Monday, September 3

Real Rest

Getting real rest

Every seventh day, we need rest. This is wisdom. The ancient faithful took hold of this direction and applied it to their lives. It helped them thrive.

In general, I think this is a good plan. Pushing the limits of our bodies must be periodically followed by periods of rest. We cannot always be working. Nor can the land always be worked. It needs extended rest. The principle is that extended rest applies to people and to the land. This will allow God’s shalom to reign.

It is clear we all need rest on a regular basis and we need extended rest on a less frequent basis. The land and animals under our care also need rest.

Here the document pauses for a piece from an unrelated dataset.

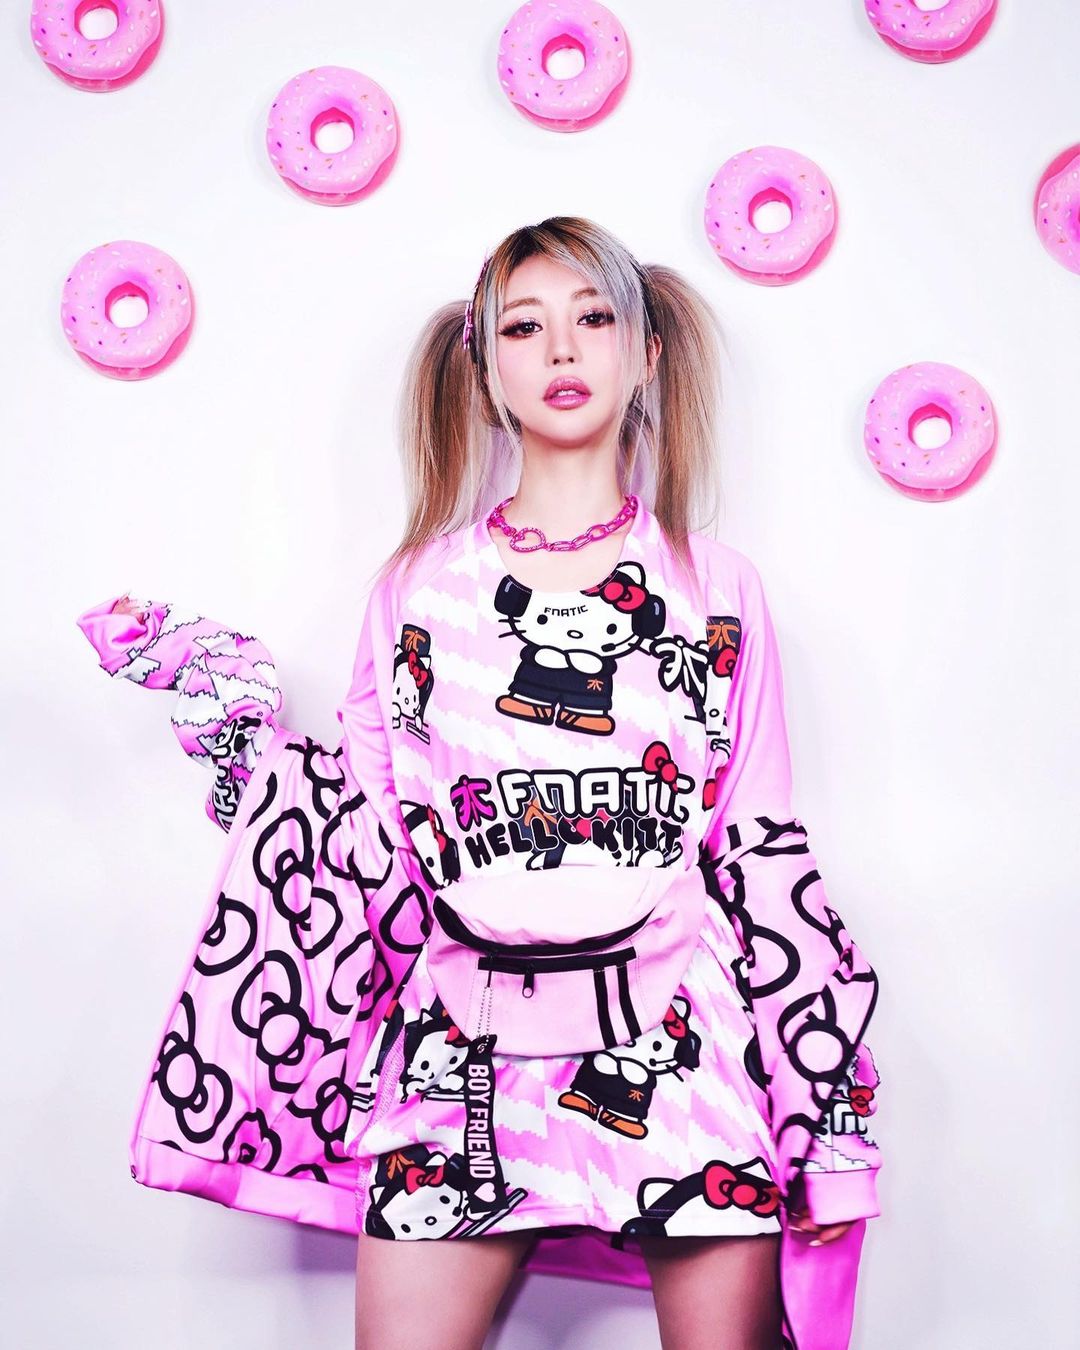 Wengie physical

We live in times of constant blurred lines between work and home, play and work, recreation and rest. We don’t always see the difference in these concepts. That doesn’t mean the words are meaningless, but simply a challenge. We need to rest. These words of rest may be the most difficult of all biblical words for us and our 24/7 culture to hear. We people love work, we love entertainment, we love to produce.

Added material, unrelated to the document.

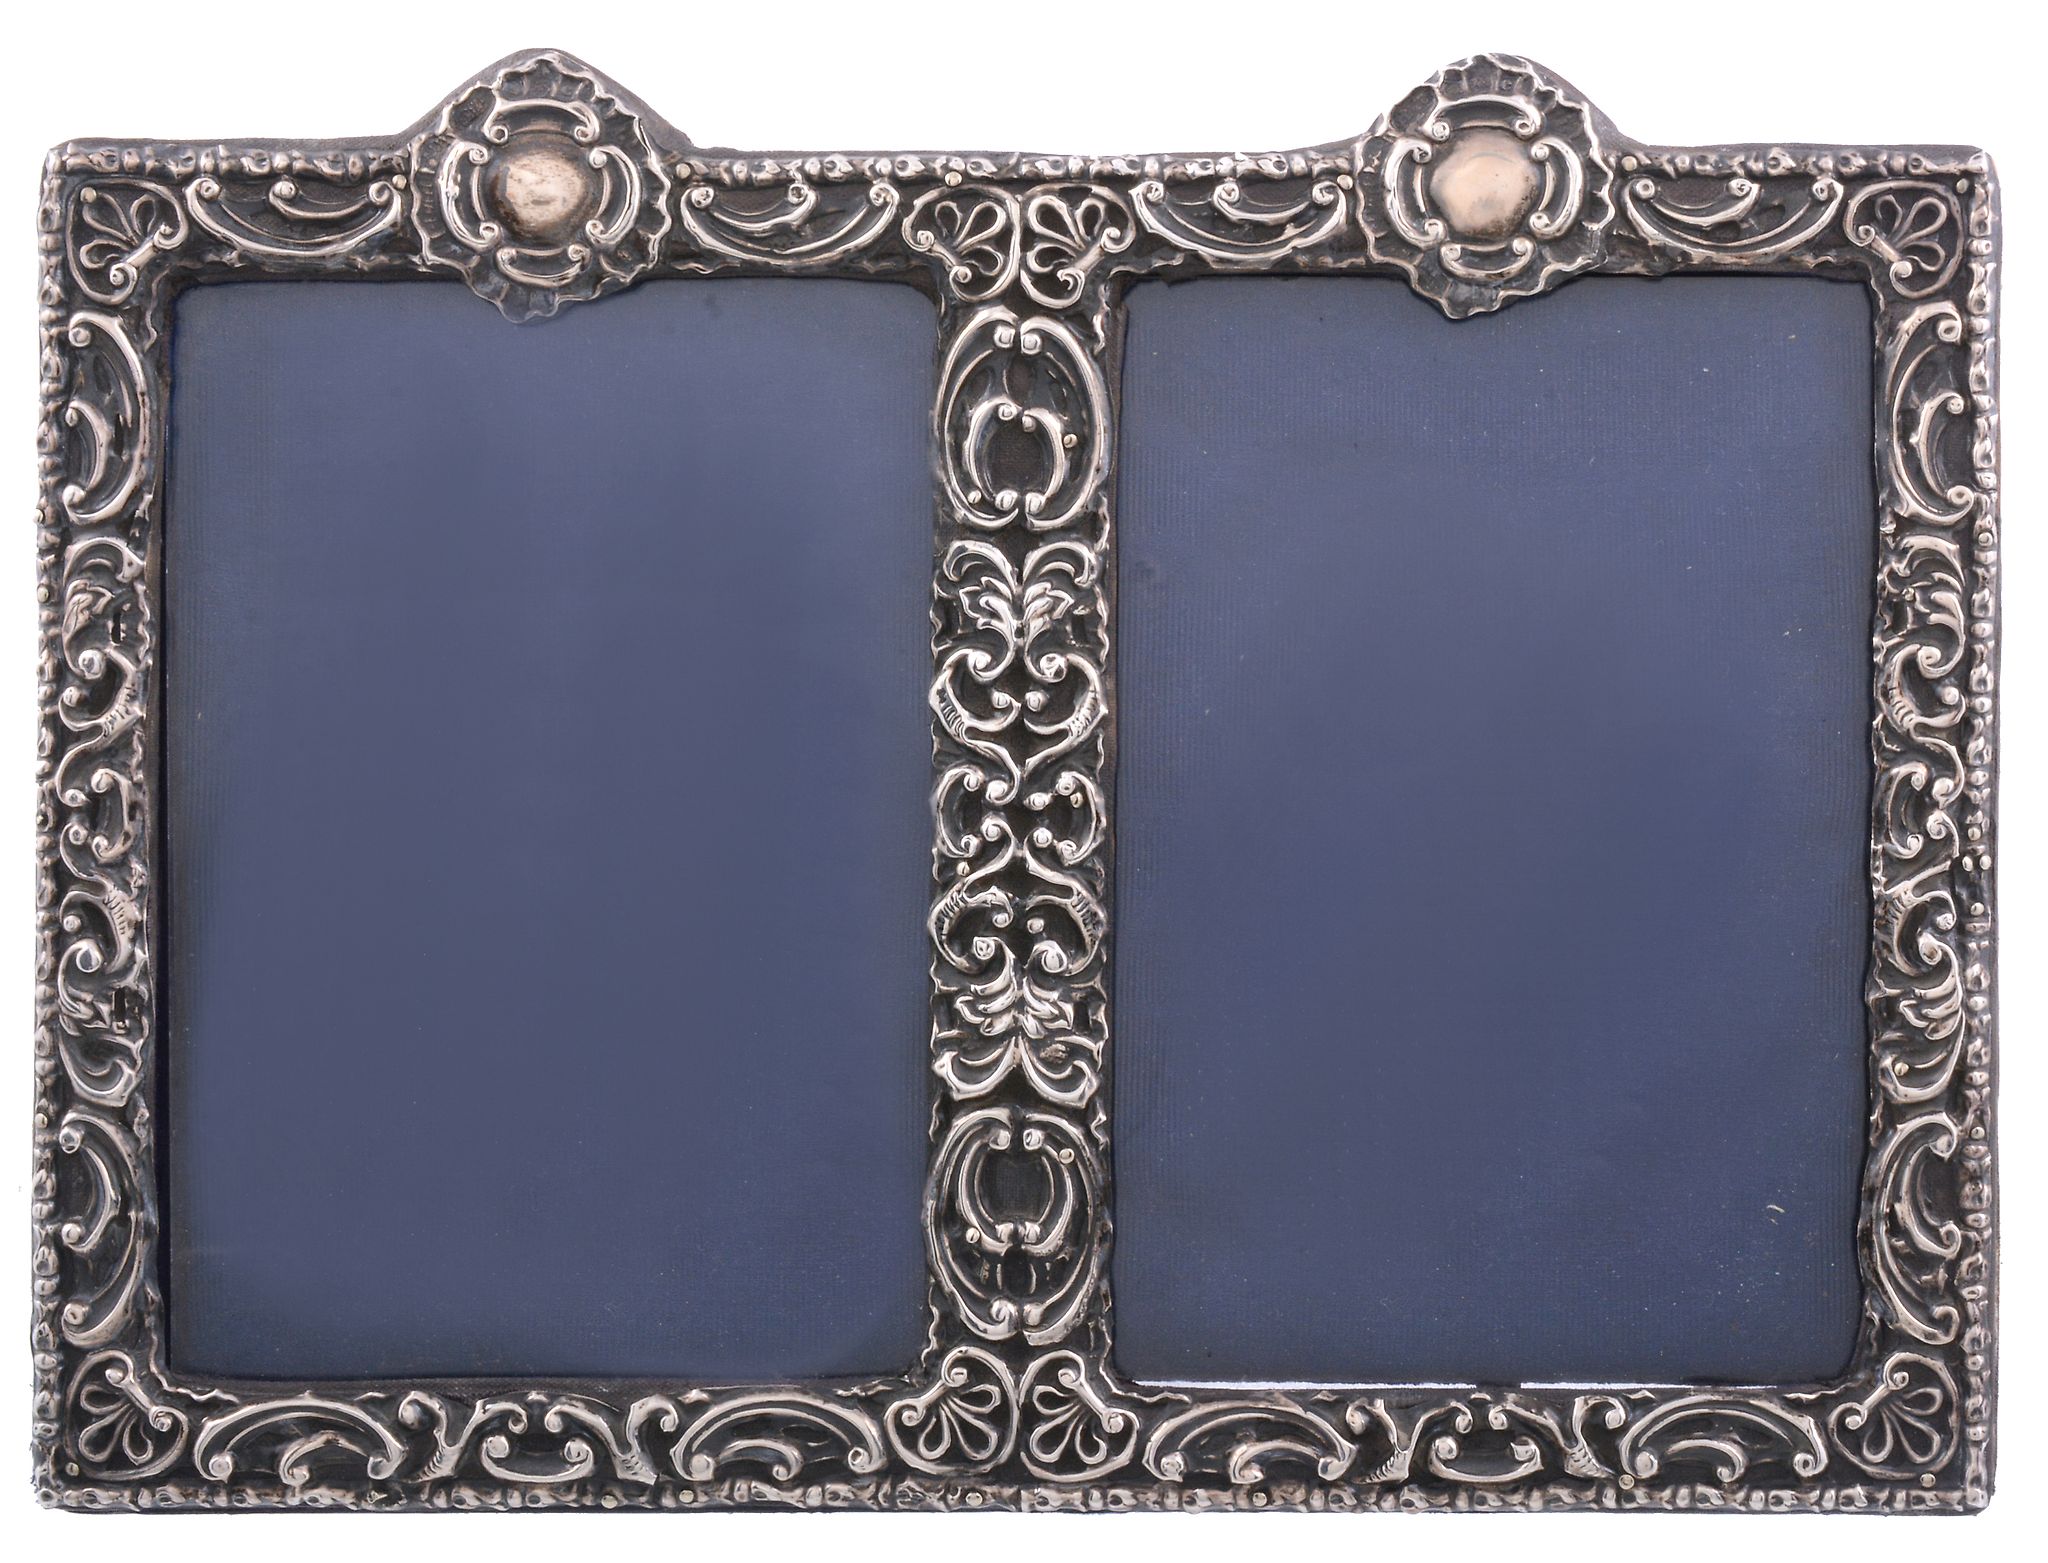 An Edwardian silver mounted double photograph frame, maker's mark J   An Edwardian silver mounted

This morning’s Business section carried a comment about work life: “We are all on call all the time.” I know how I feel when I turn off my cell phone and computer: deprived and detached. Danger signs are apparent in the working world. This is not so good.

What would it take to be a wise person of regular periods of rest and regular periods of extended rest? What will happen if we are always working? Will that life of work bring God’s shalom? I think not.

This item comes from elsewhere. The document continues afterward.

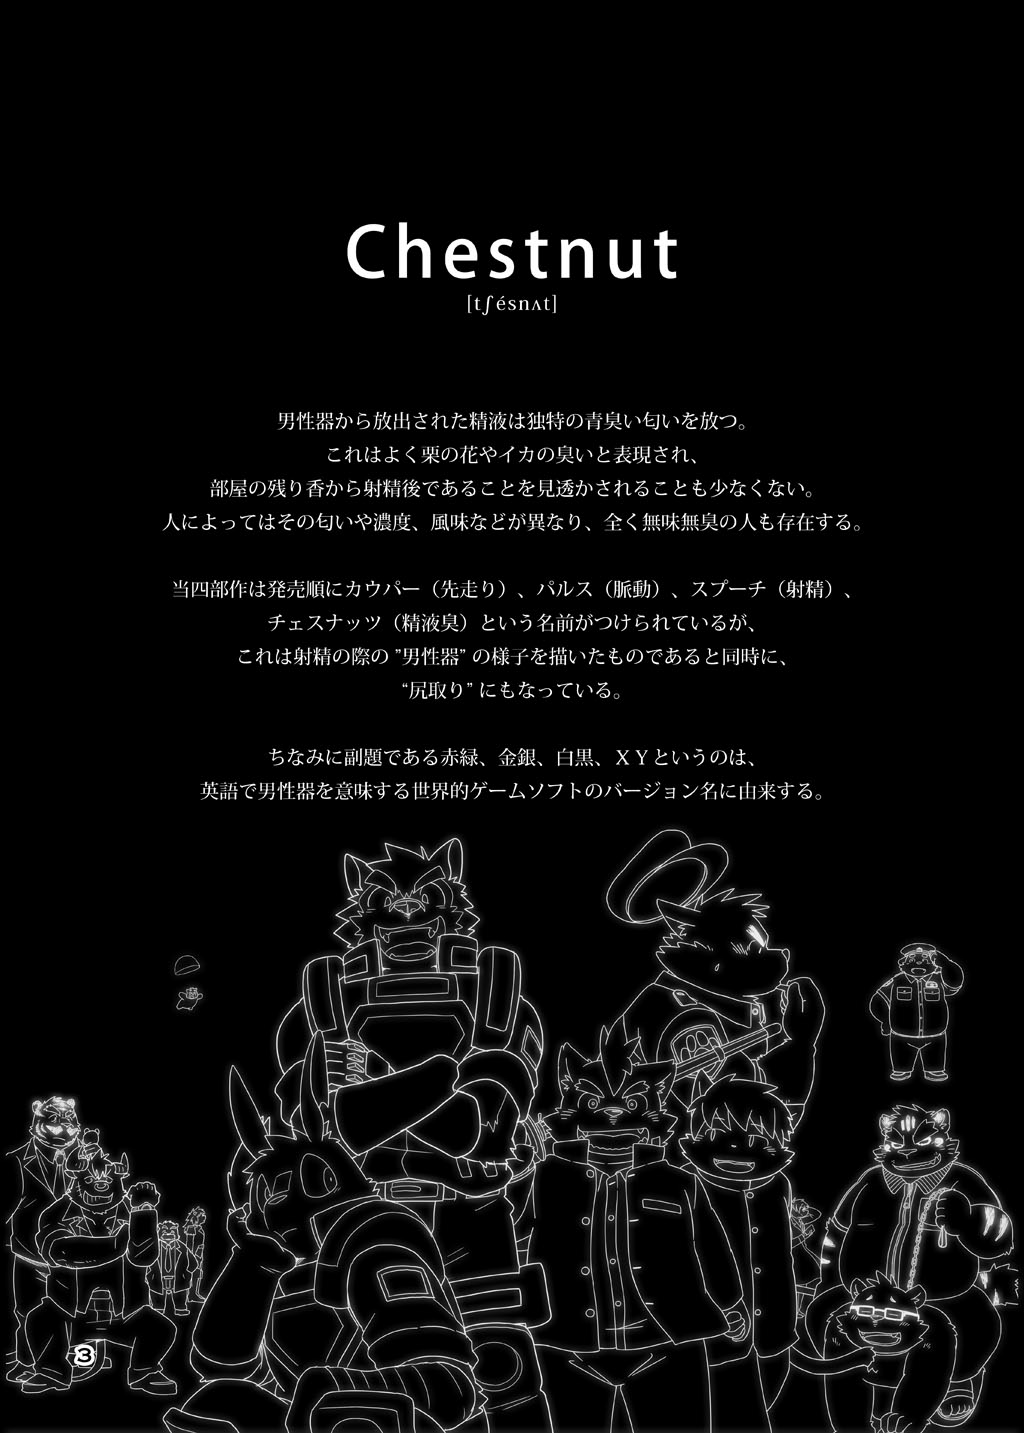 (C86) [FCLG (Cheshire, Jiroh)] Chestnuts!!!! The Finish (C86) [FCLG (小倉チェシャ, 次郎)] チェスナッツ!!!! the finish

Work is good and is part of creation, but it can function only with times of rest.

--Fred


Leviticus 25:1-7

1The LORD spoke to Moses on Mount Sinai, saying: 2Speak to the people of Israel and say to them: When you enter the land that I am giving you, the land shall observe a sabbath for the LORD. 3Six years you shall sow your field, and six years you shall prune your vineyard, and gather in their yield; 4but in the seventh year there shall be a sabbath of complete rest for the land, a sabbath for the LORD: you shall not sow your field or prune your vineyard. 5You shall not reap the aftergrowth of your harvest or gather the grapes of your unpruned vine: it shall be a year of complete rest for the land. 6You may eat what the land yields during its sabbath—you, your male and female slaves, your hired and your bound laborers who live with you; 7for your livestock also, and for the wild animals in your land all its yield shall be for food.